[EXERCISE DETAILS] Taking the listing below, restate word for word each line from the line with "Villa in vendita a Capriglia Irpina" to the line with "Falls of Dochart, Killin, Scotland", ends included, and stop there.

[SUPPLIED RECORDS]
========

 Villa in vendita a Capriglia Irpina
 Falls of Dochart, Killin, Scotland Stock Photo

========

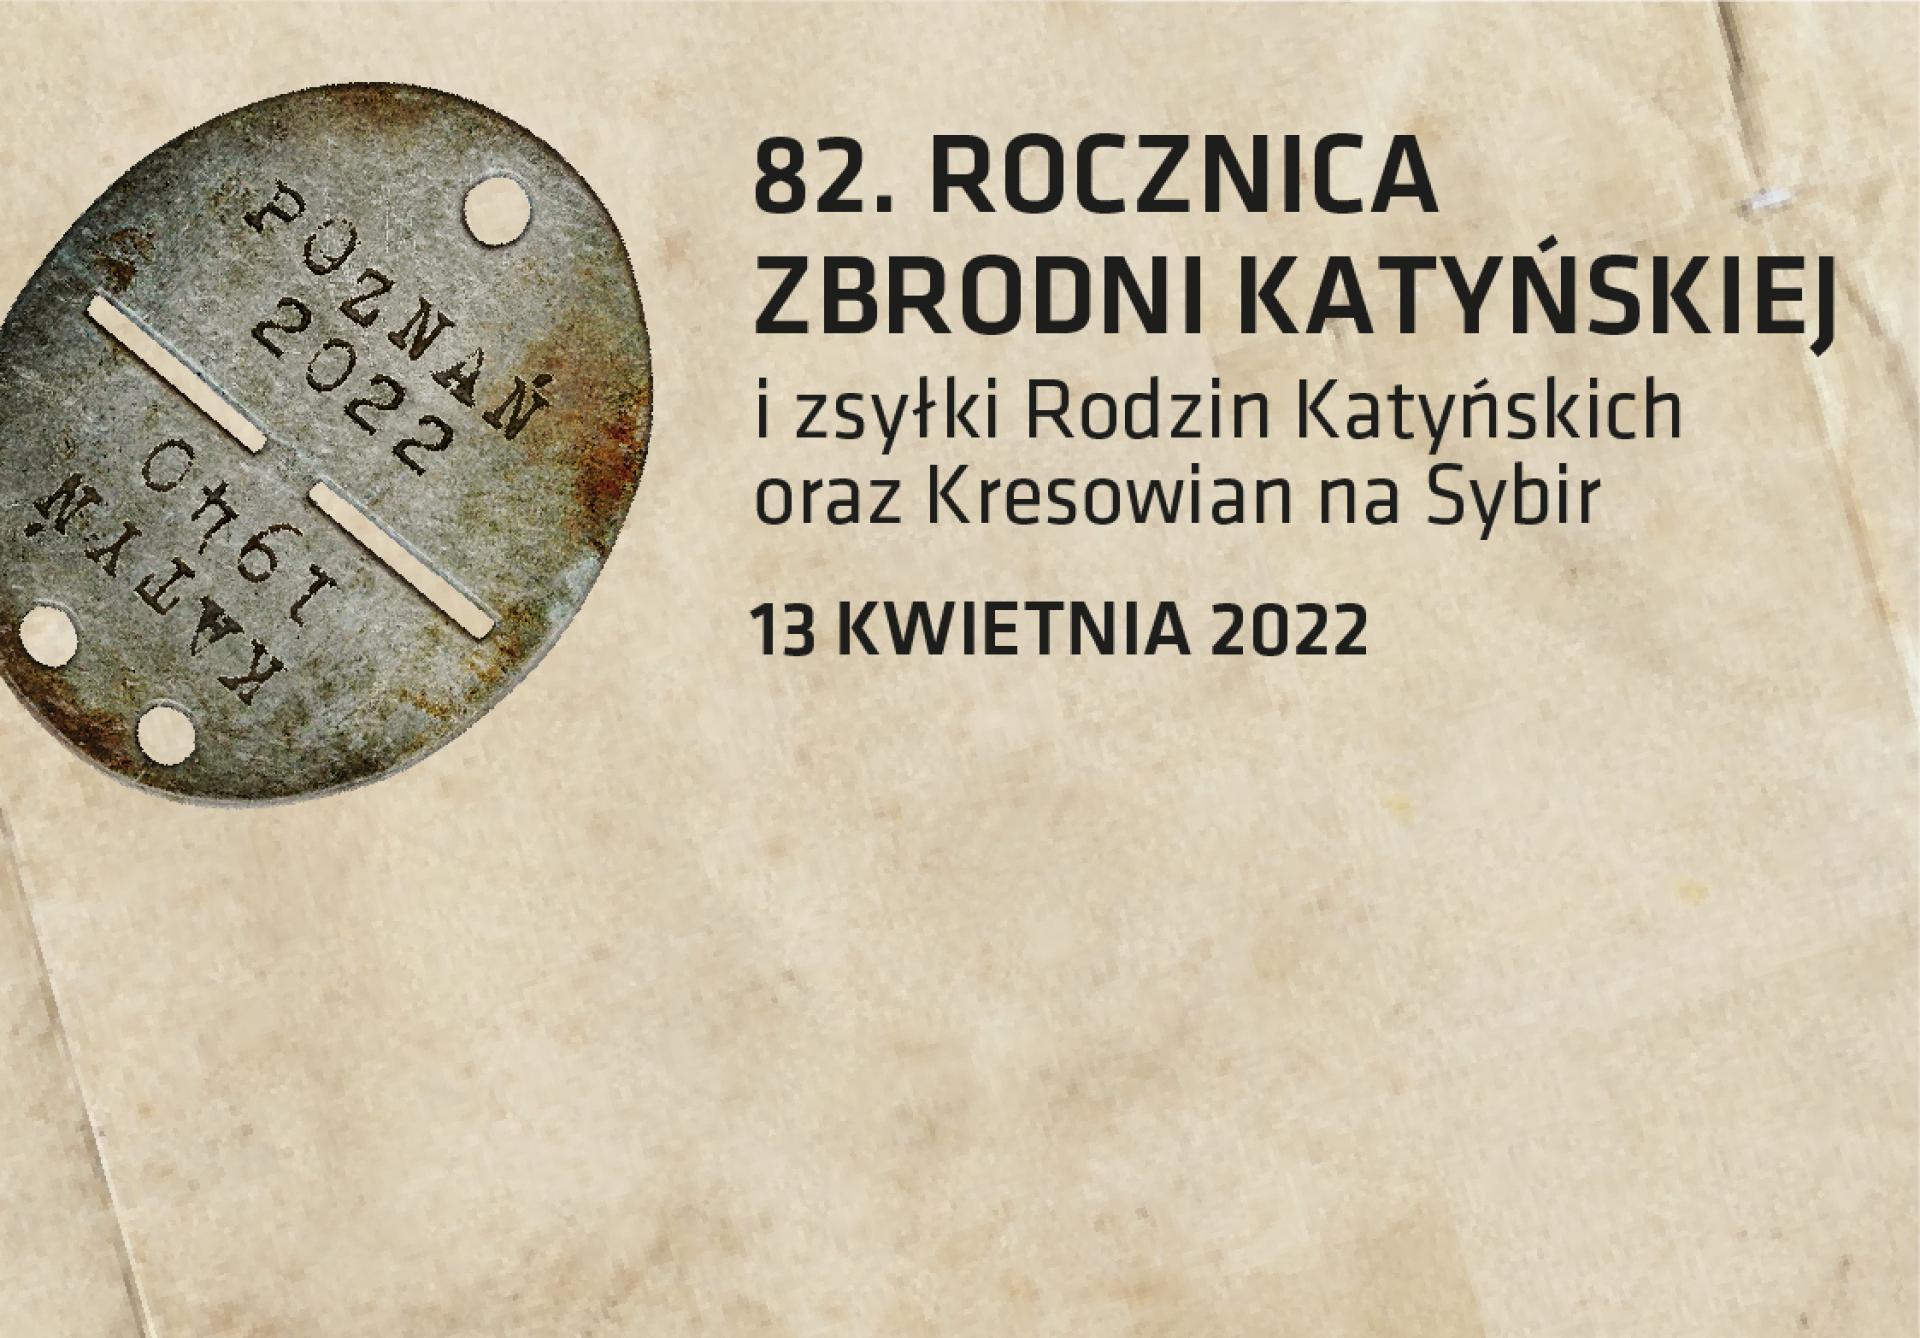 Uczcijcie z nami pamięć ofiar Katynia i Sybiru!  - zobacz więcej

========

[WRITTEN SOLUTION]
 Villa in vendita a Capriglia Irpina
 Falls of Dochart, Killin, Scotland Stock Photo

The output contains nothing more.